What is needed is a word-for-word copy of the listing below, without pictures.

Data extract: Begin

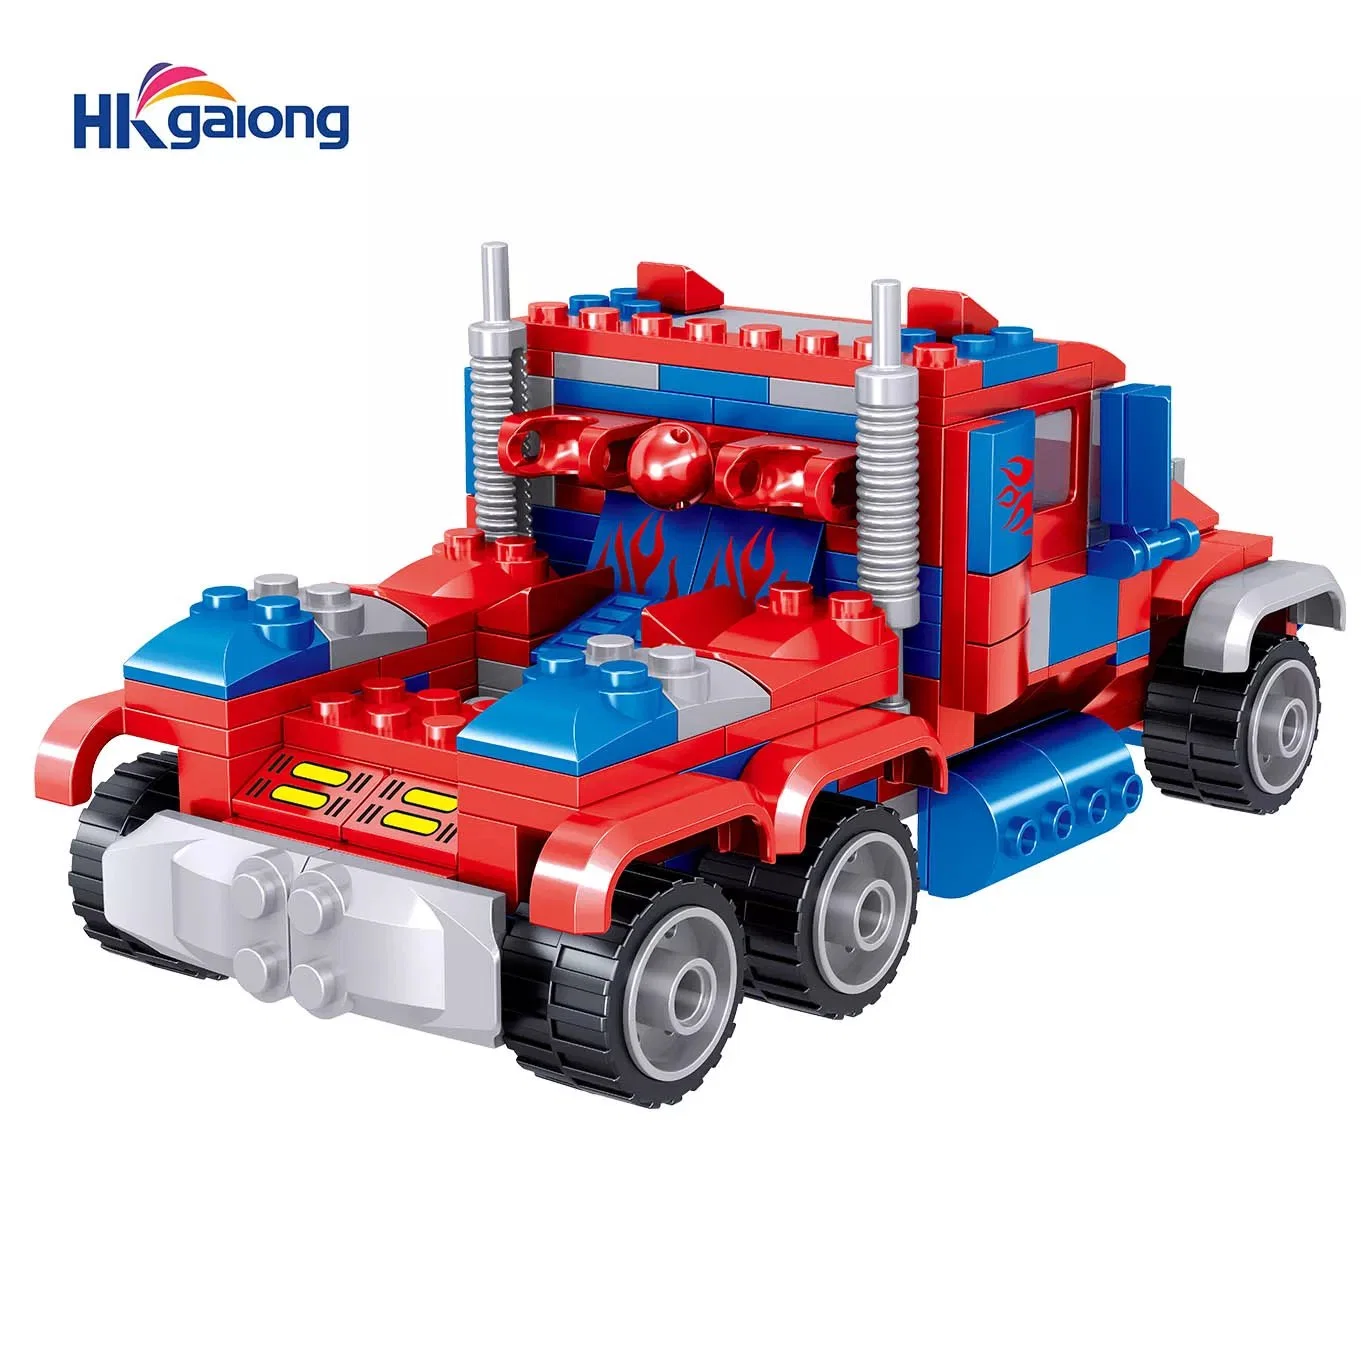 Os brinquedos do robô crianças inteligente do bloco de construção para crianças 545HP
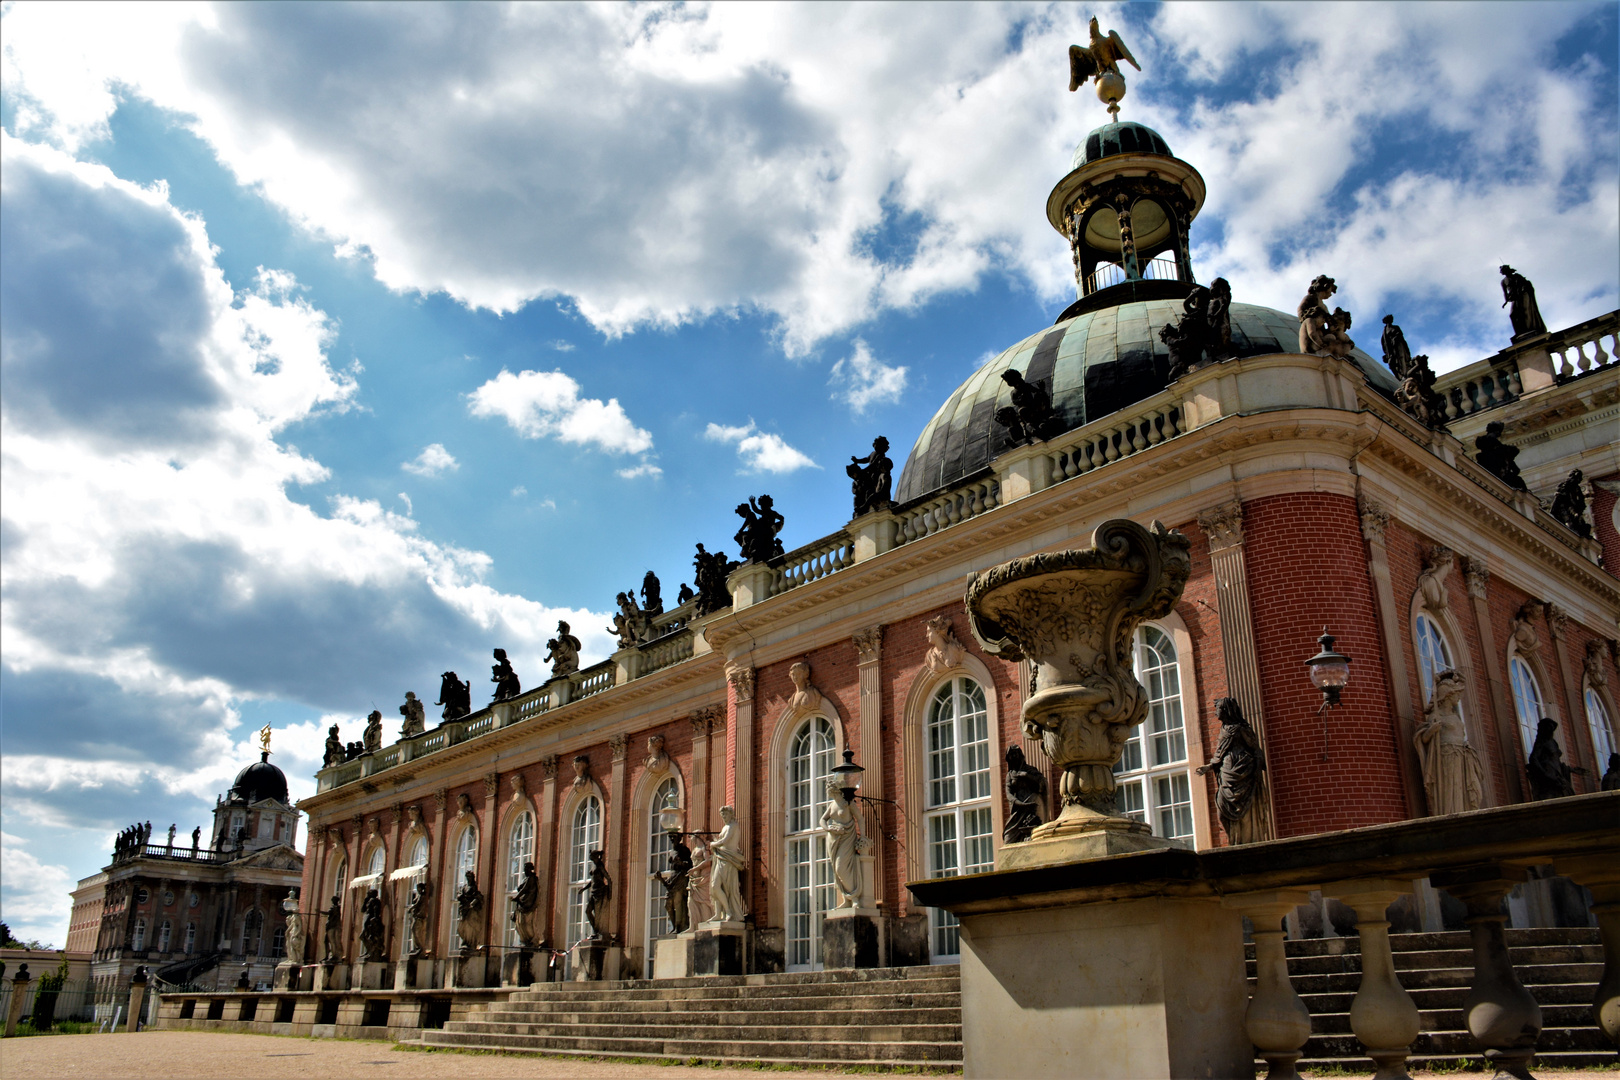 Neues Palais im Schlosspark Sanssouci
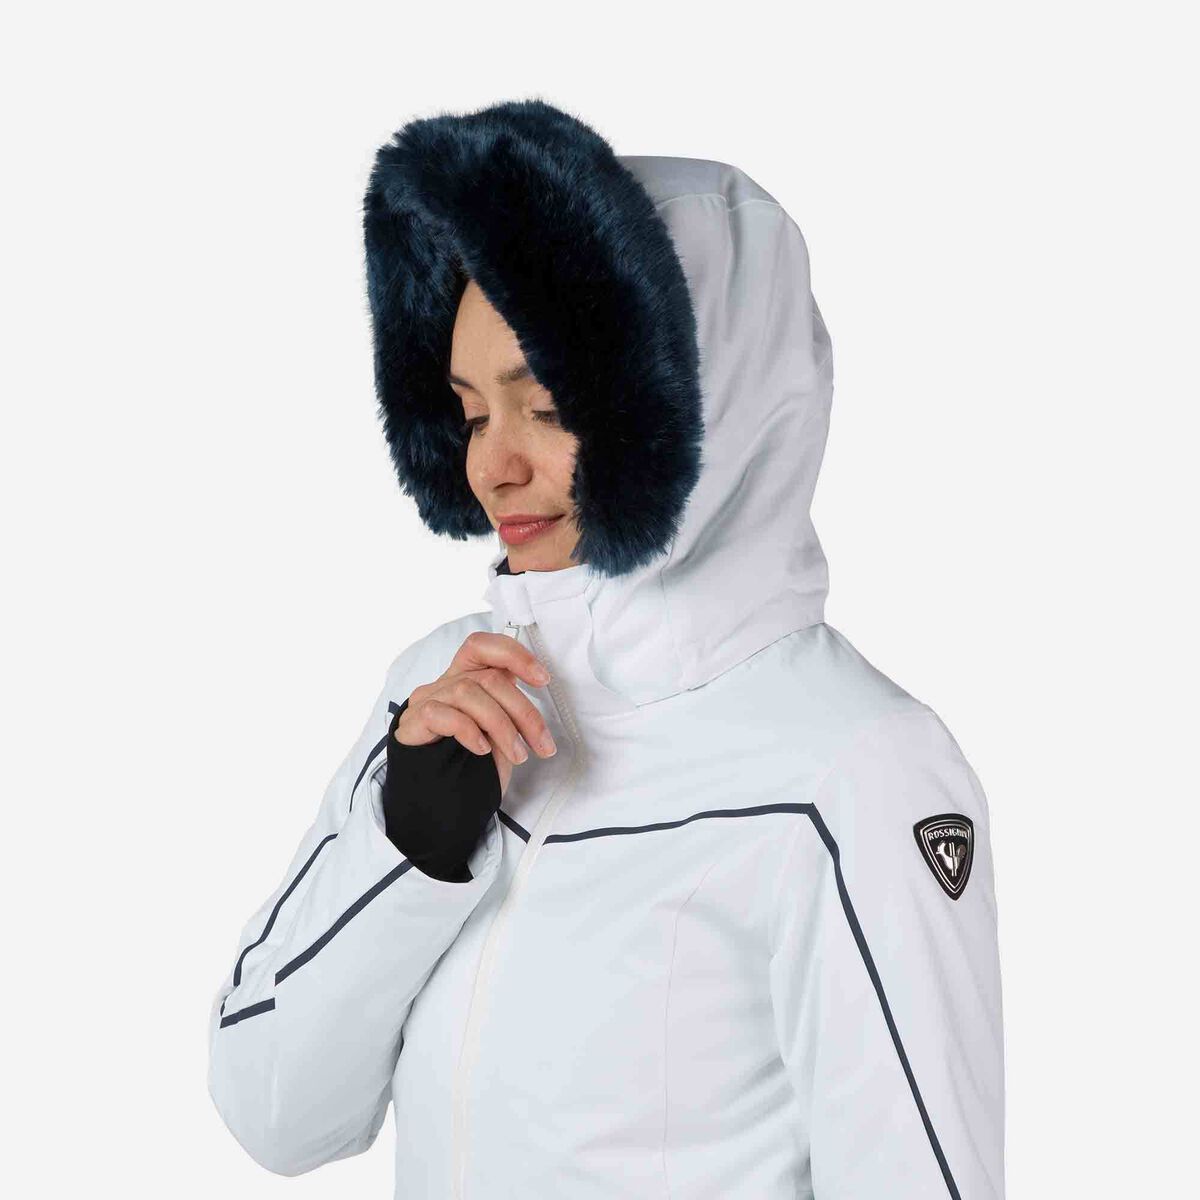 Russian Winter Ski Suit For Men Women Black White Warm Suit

Data extract: End

### Response
 Os brinquedos do robô crianças inteligente do bloco de construção para crianças 545HP
 Neues Palais im Schlosspark Sanssouci
 Russian Winter Ski Suit For Men Women Black White Warm Suit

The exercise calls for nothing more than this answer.